Minot Air Force Base is a Melting Pot of Cultures
Where are you from? It’s the first question that I normally ask after meeting a new Airmen or family member stationed at Minot Air Force Base. “Where am I really from?” is often the answer, “Because I was an Air Force brat and lived all over” they will add. Minot is certainly unique in that the Minot Air Force base is a significant part of the population of the community. Hardly a day goes by that I won’t meet someone that was brought to the Minot area through their affiliation with the Air Force, and of course Minot Air Force Base.
Let me digress a bit, because asking where you are from is very normal, even for us native North Dakotans. However, the conversation between two folks who are “from around here” is a bit different. Once I answer that I am from Maddock, (a small North Dakota town of around 500 people) I expect that the person I am meeting will know someone, who knows someone, who is related to a person from Maddock. Seriously, hardly a conversation will end without finding common ground, albeit it could be stretching the boundaries a bit because you want to eventually have some commonality with the person you just met.
That is normally not true when meeting someone from the Minot AFB. Instead, you listen intently as they share places they’ve been. To them, Minot is another change in culture, quite different from Barksdale in Louisiana or Osan in Korea. You soon learn about three letter acronyms like TDY and PCS. The commonality you have with them is Minot, North Dakota. If they have not been through a winter in North Dakota yet, conversation will revolve around what to expect.
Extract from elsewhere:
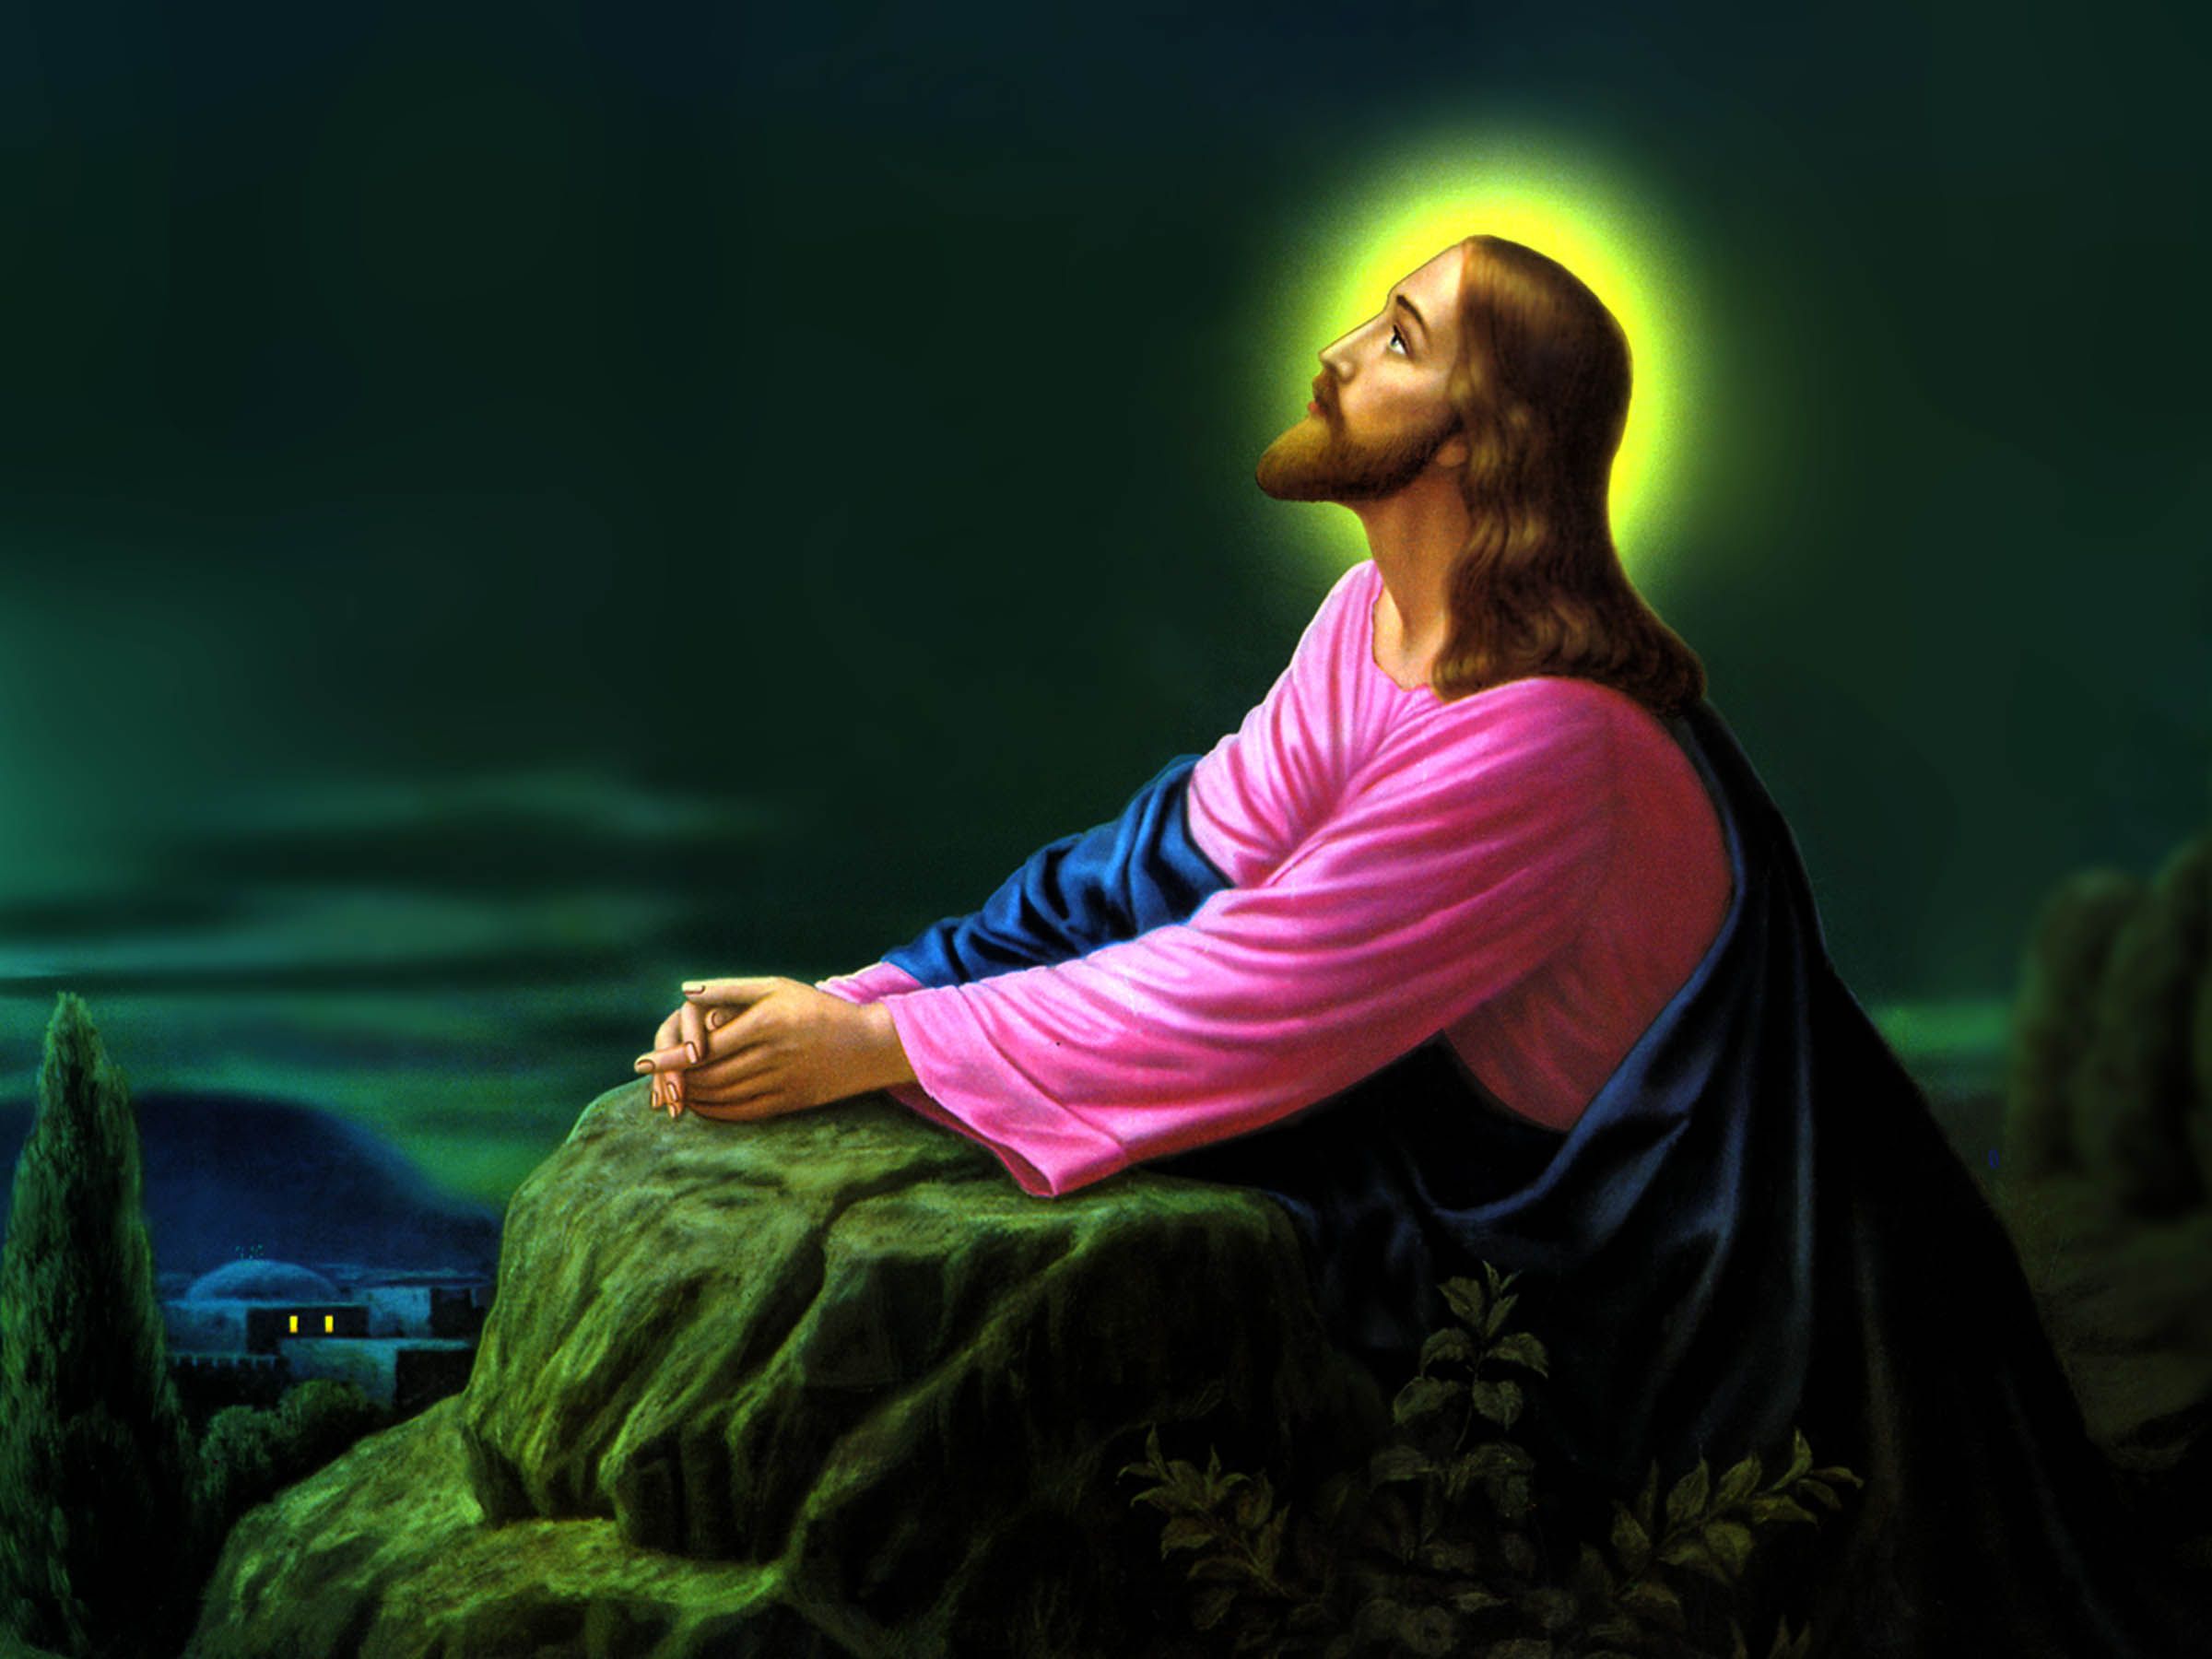 Jesus-Christ-Praying-Wallpapers-03.jpg

Some of us downplay the extremes of winter, others seem to want to paint a picture that would make even the most seasoned North Dakota native cringe.
If you regularly read my articles in the Northern Sentry, you know that I like to share my experiences in North Dakota, from the Badlands to the Pembina Gorge, and hundreds of places in between. This is also true of those who have made the Air Force their career choice. Many of them have been stationed at multiple bases, in countries from Germany to Japan. They begin to share what they have done, and parts of the world that they have seen and experienced. Many joined the Air Force to see the world, and that is exactly what a lot of them have done. Minot, through Minot Air Force Base is truly a melting pot of cultures, both nationally and internationally.
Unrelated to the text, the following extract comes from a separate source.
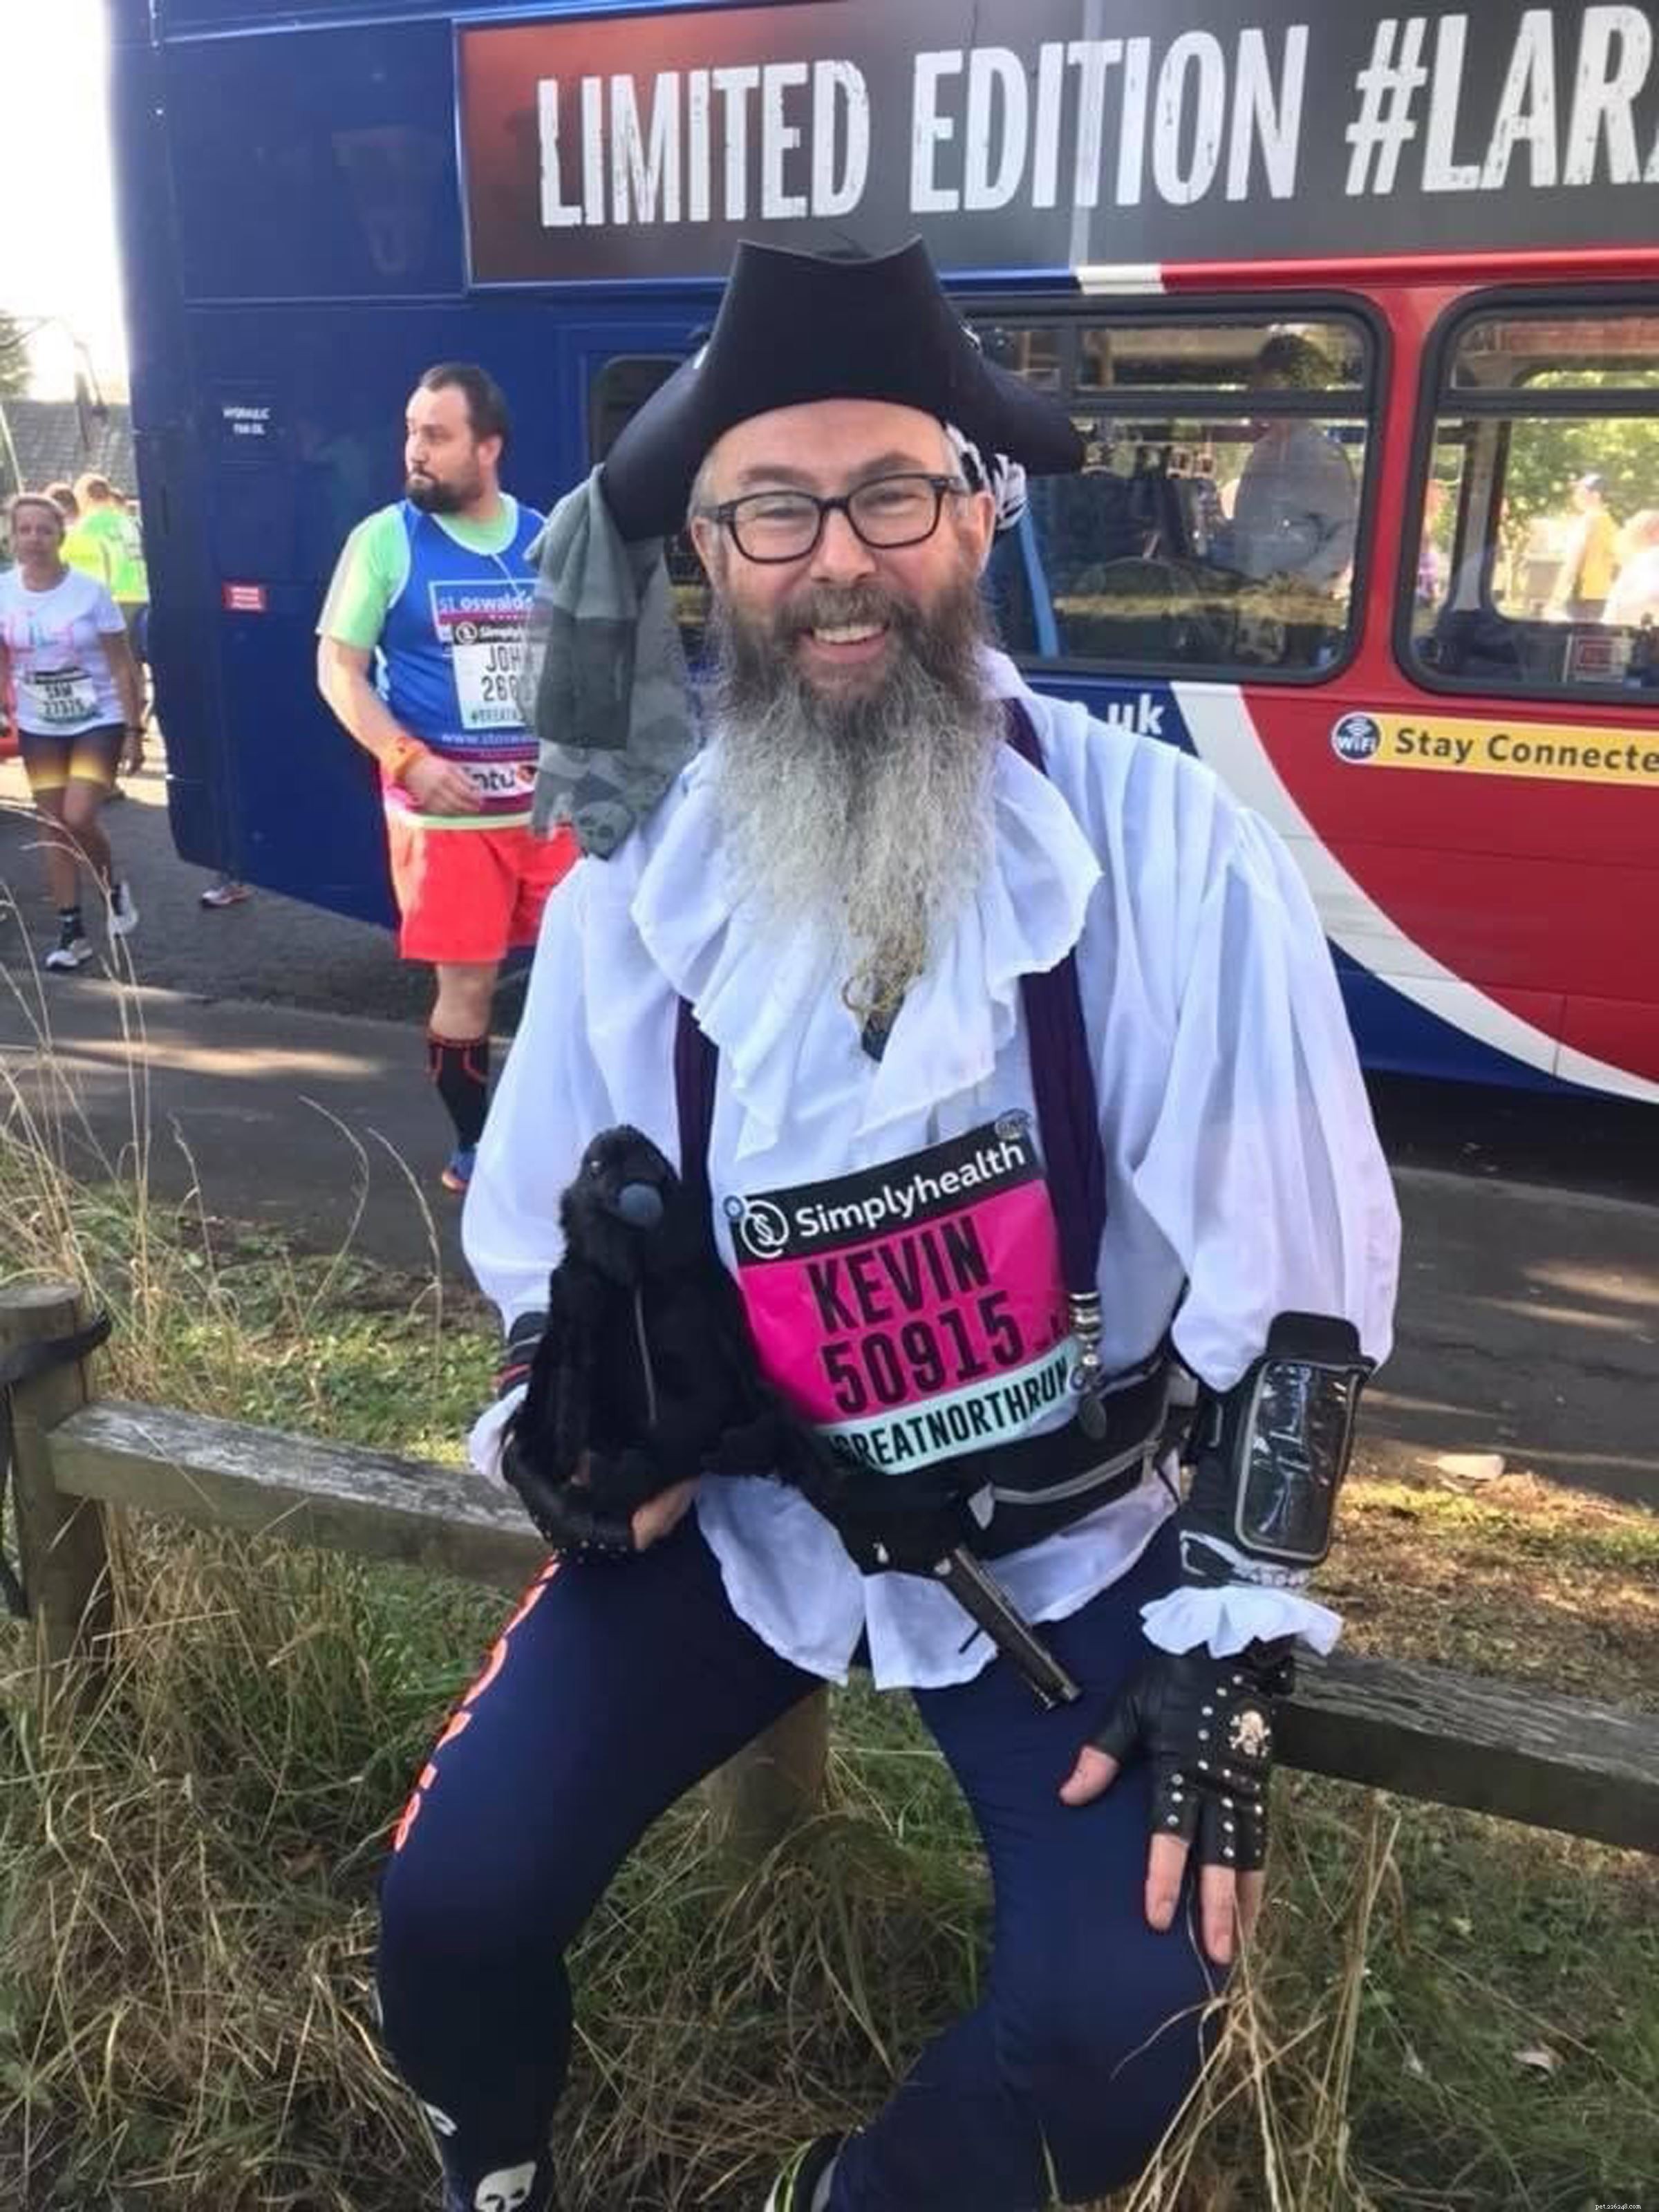 Kevin le pirate remercie son entraînement pour le marathon de Londres de lui avoir sauvé la vie, et maintenant il recommence pour collecter des fonds pour les chats

My wife and I want to tour the Blue Ridge mountain area someday. One of my Minot AFB acquaintances lived in Asheville, North Carolina. He drew me out a map, on a napkin of course, of places that we should go, and “can’t miss” attractions. I would venture a guess that if there was someplace, anywhere in the U.S. or even the world, that you want to go, there would be someone at Minot AFB who has been there. Of course, you can’t just stand at the gate and interview people entering and leaving the base to locate that person who may have been to Greece (just a suggestion). My point is that having Minot Air Force Base as part of our community certainly gives us a unique opportunity to learn from others. On the flip side, don’t be afraid to share those out of the way locations with those you meet who are assigned to Minot Air Force Base. A napkin at a coffee gathering works perfect as a make-shift map.
Finally, let’s not dwell on extremes. Every climate has them. Too much rain, too much heat, too much-well you get the point. There are times in North Dakota when there is certainly too much wind, and there are times when there is too much cold. And yes, there are times when you mix wind, cold and snow together and you get a blizzard. But one blizzard does not a winter make. There are days when a North Dakota winter is truly beautiful. Ice fishing is a great outdoor adventure. But how can you ice fish, if you don’t have ice.
The opportunity to learn is out there, folks. So, let’s seize it, and embrace it.
Best Kept Secret
I don’t often talk about restaurants, because there are so many “great” restaurants. However, I rarely drive through Stanley, North Dakota, without heading downtown for a Whirl A Whip at Dakota Drug. The secret to Whirl A Whip is that it takes any of your favorite flavors, mine happens to be Reese’s Peanut Butter Cups, and blends them into hard ice cream. Those other places do something similar with soft serve ice cream, but Whirl A Whips are so much better.
Next time you’re headed for Stanley, or maybe just make a special trip, make sure to allow a few extra minutes for a Whirl A Whip! You won’t be disappointed.
Be good to your parents. They did all they could to provide for you long after you ceased being adorable and fun to be with.